### Aim of the task:
Return the line that has "Vodafone UK Business" and all lines below it through the last, exactly as they stand; omit pictures.

### Available data:
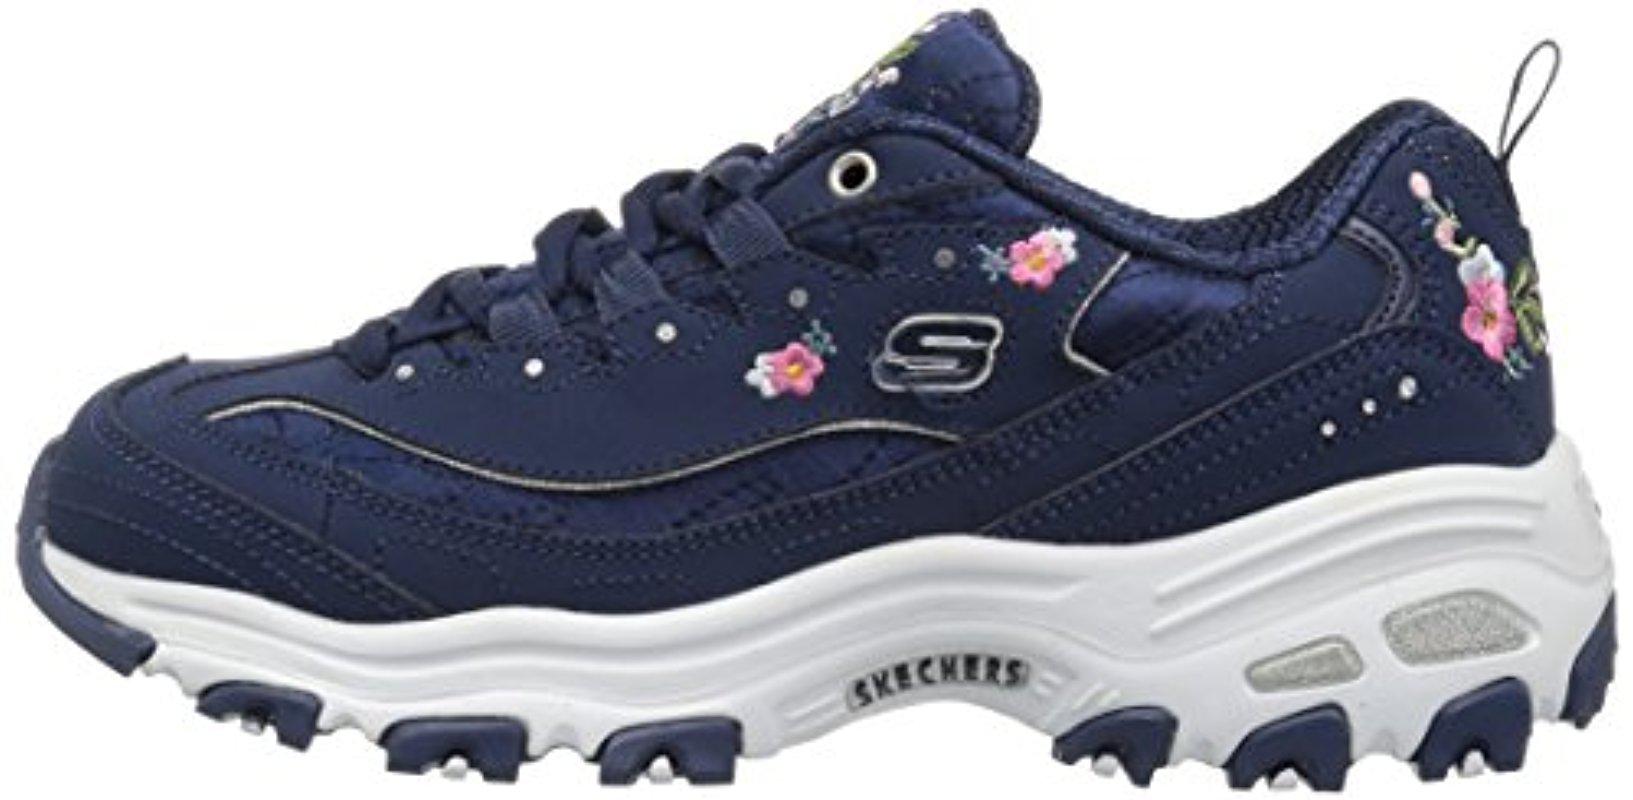 Skechers Rubber D'lites Bright Blossoms Sneaker,navy,5 M Us in Blue - Lyst
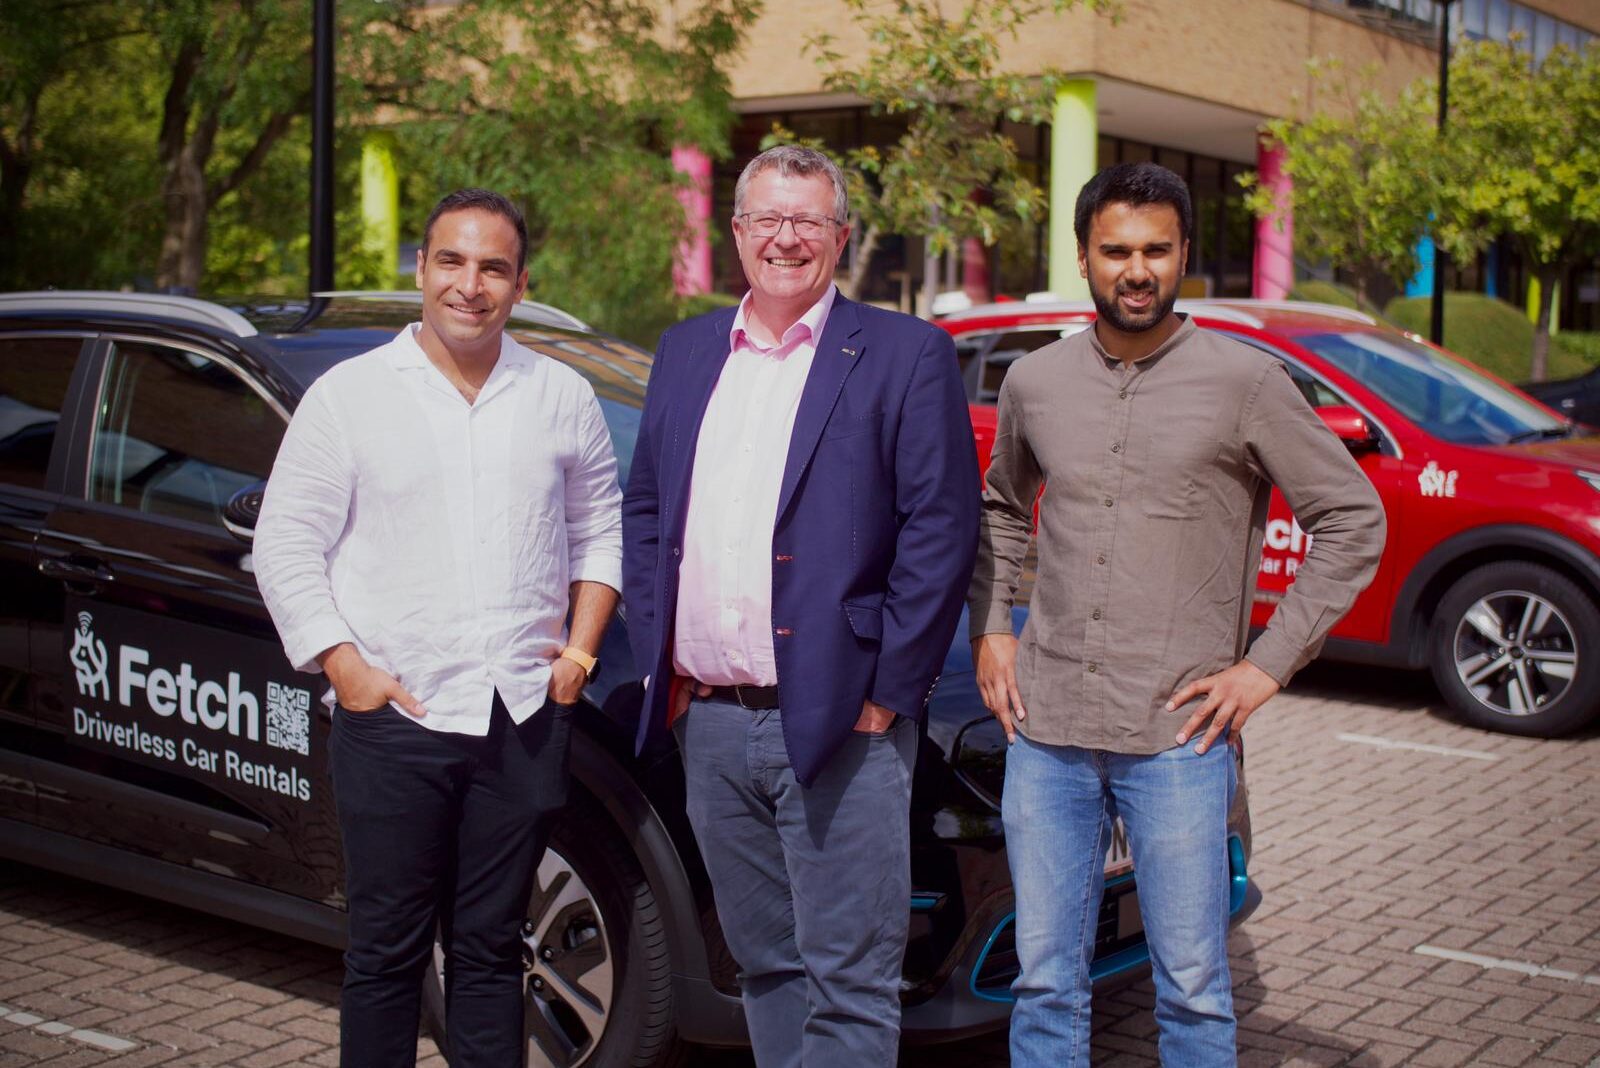 Vodafone UK Business Director Nick Gliddon (centre) with the Imperium Drive team in Milton Keynes
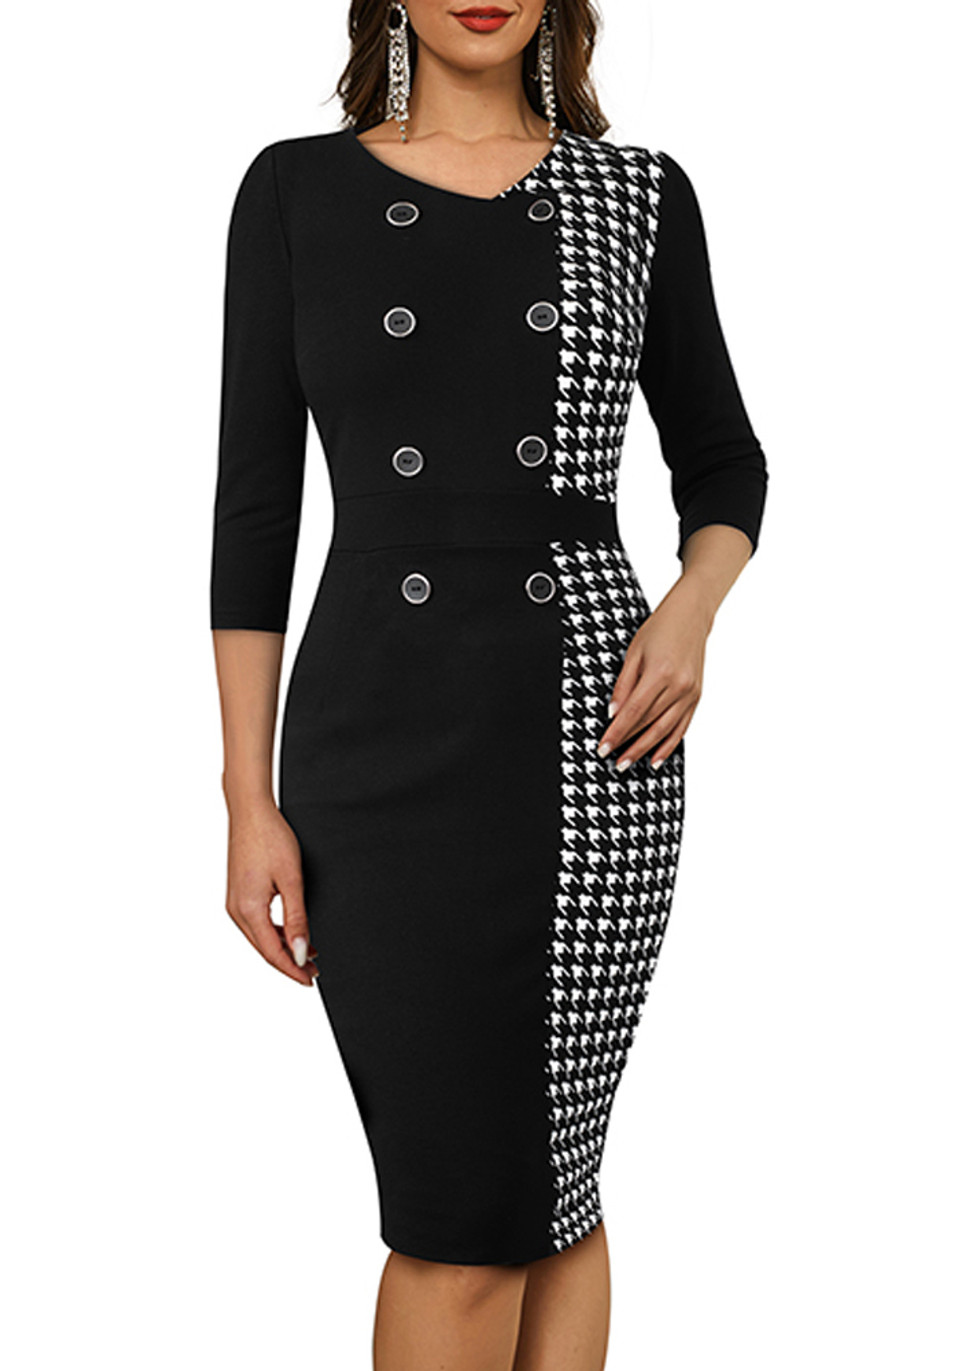 Women Patchwork Button Houndstooth Career Dress The Little Connection

### Task result:
 Vodafone UK Business Director Nick Gliddon (centre) with the Imperium Drive team in Milton Keynes
 Women Patchwork Button Houndstooth Career Dress The Little Connection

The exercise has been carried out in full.